Exercise: Wherever pictures appear in the listing below, leave them out, and copy exactly, and only, everything from the line with "google cloud inwestycja w appsheet" down to the line with "1/72 Miles M.57 Aerovan. MikroMir 72-011".

Data for the task:
# # #

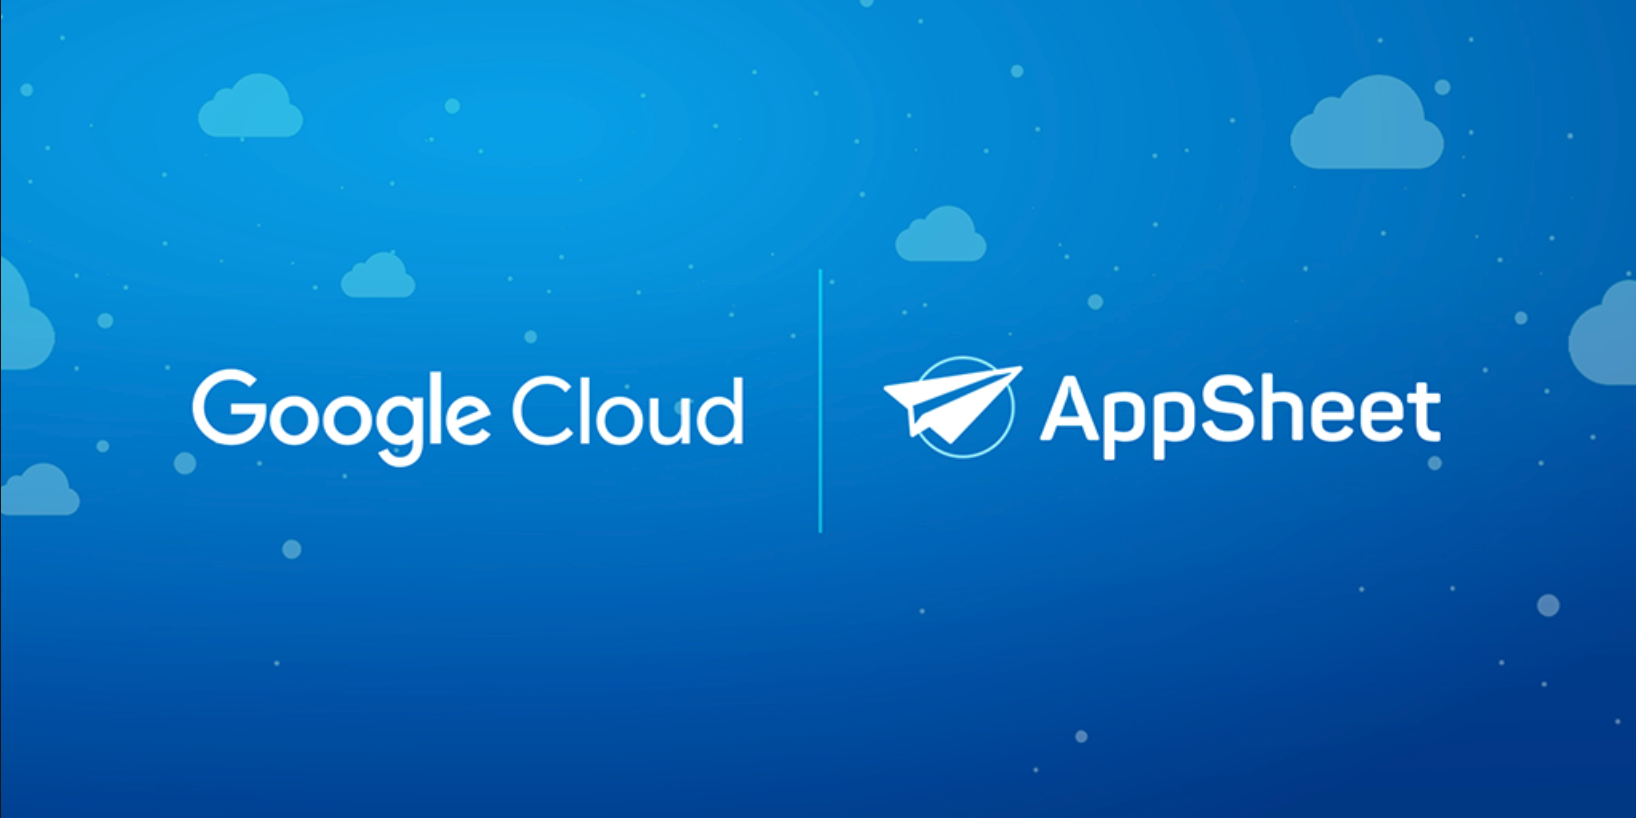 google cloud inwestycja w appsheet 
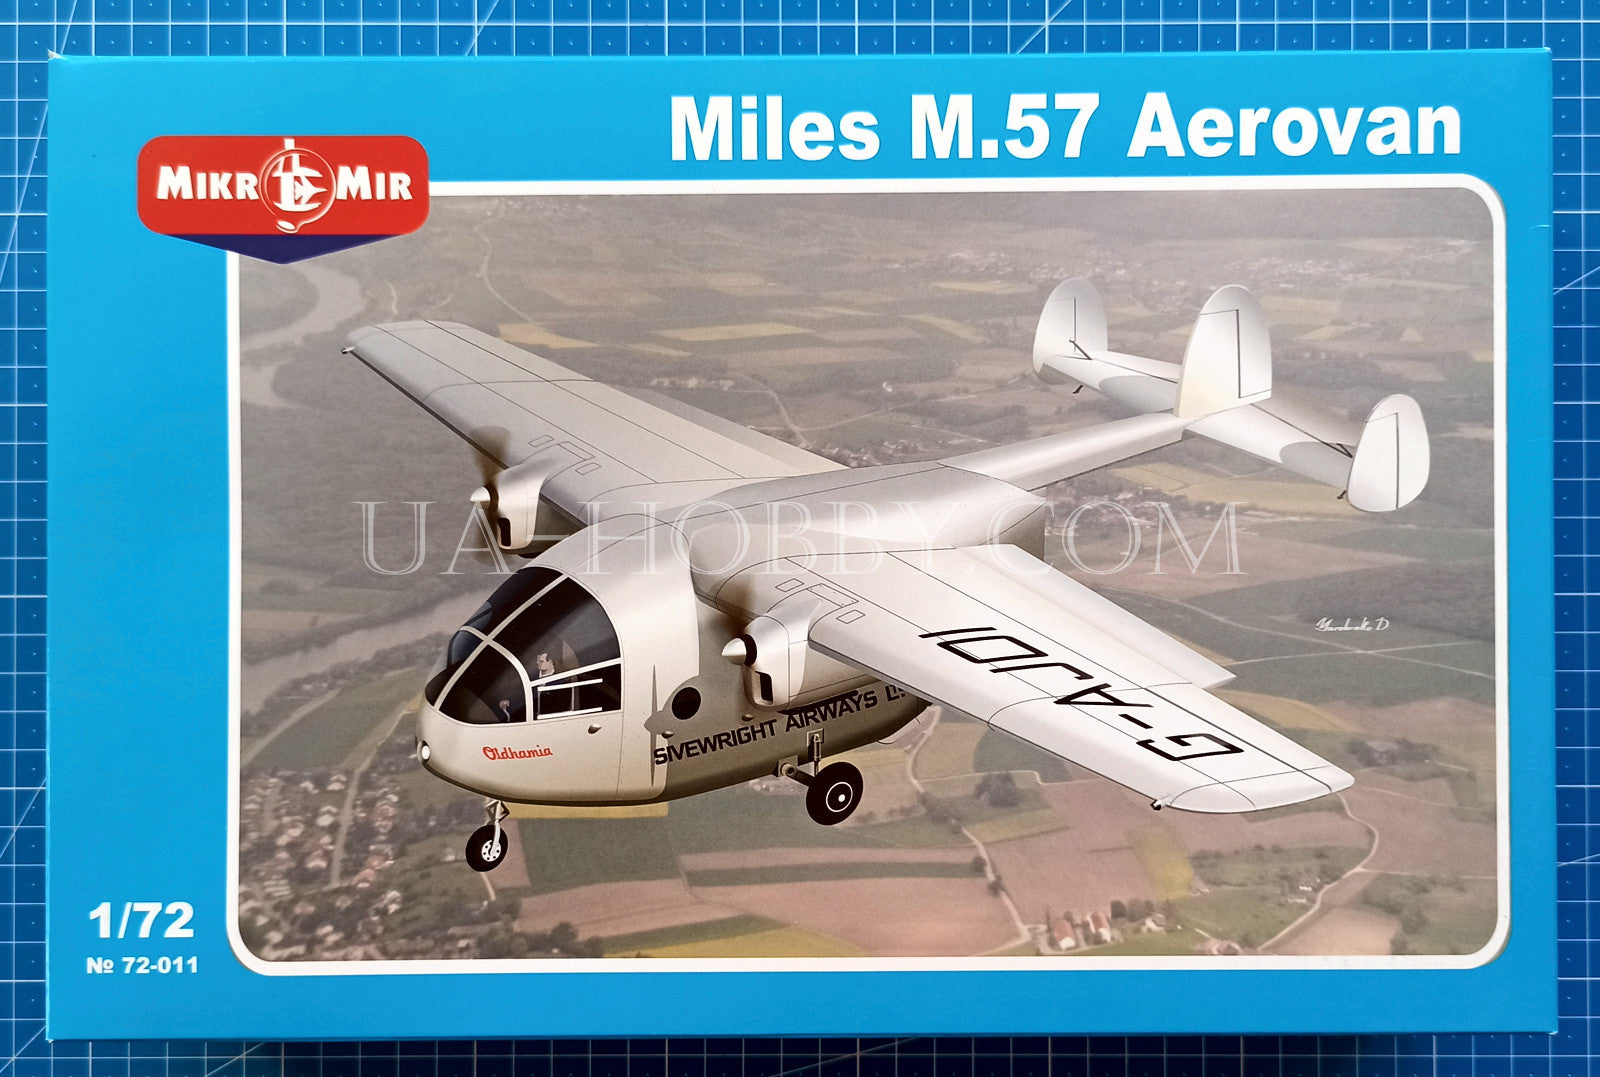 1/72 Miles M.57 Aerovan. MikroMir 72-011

# # #

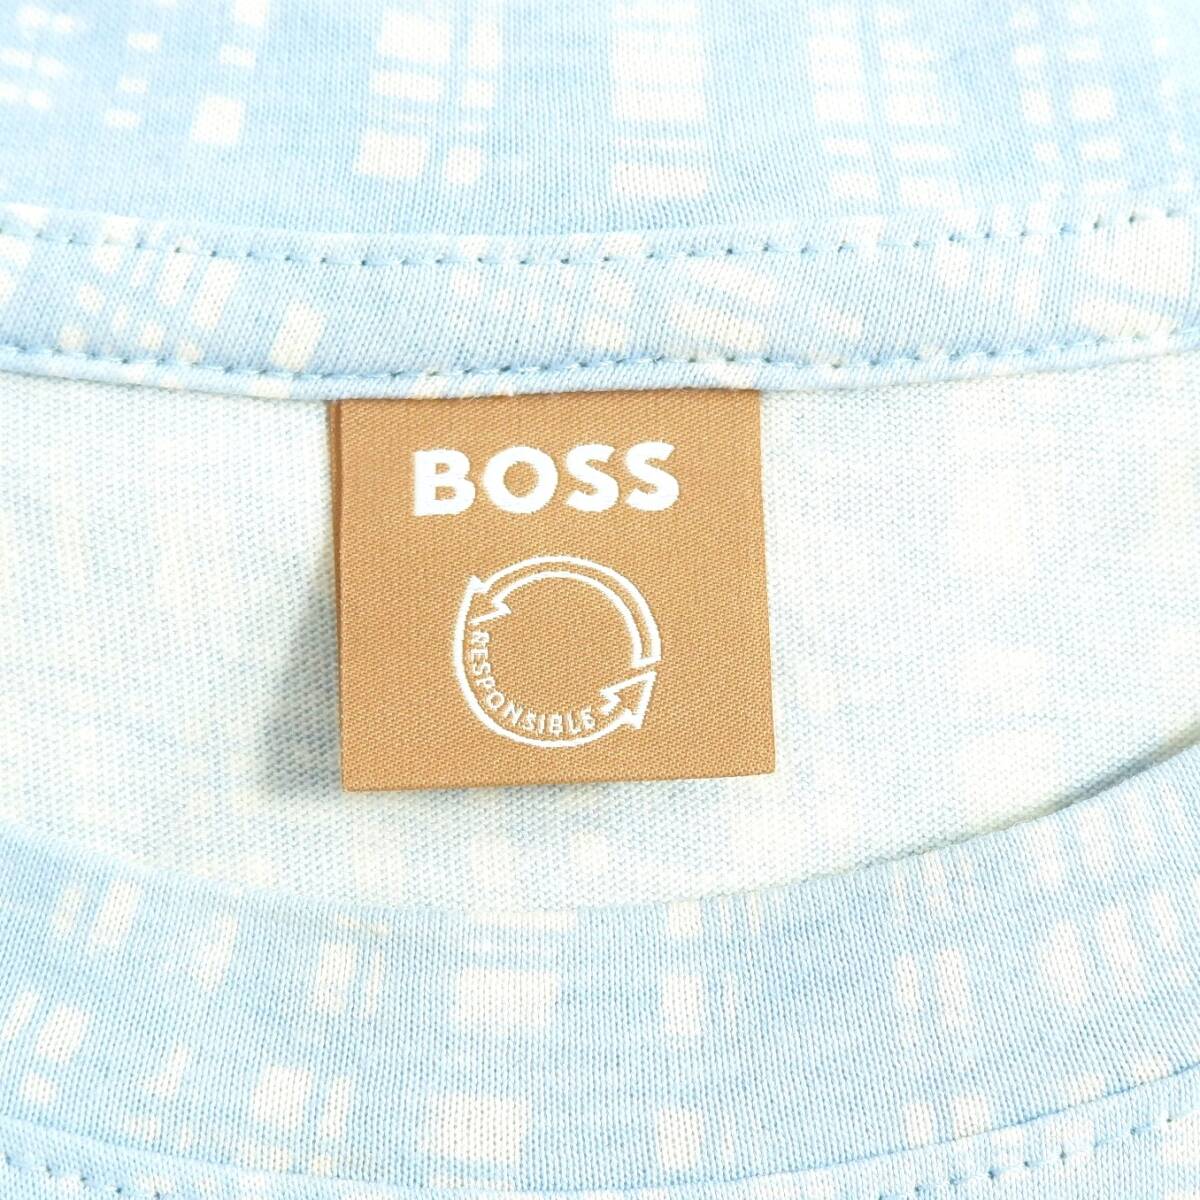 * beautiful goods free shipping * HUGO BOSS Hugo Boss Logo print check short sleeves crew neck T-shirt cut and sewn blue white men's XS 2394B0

# # #

Exercise result:
 google cloud inwestycja w appsheet 
 1/72 Miles M.57 Aerovan. MikroMir 72-011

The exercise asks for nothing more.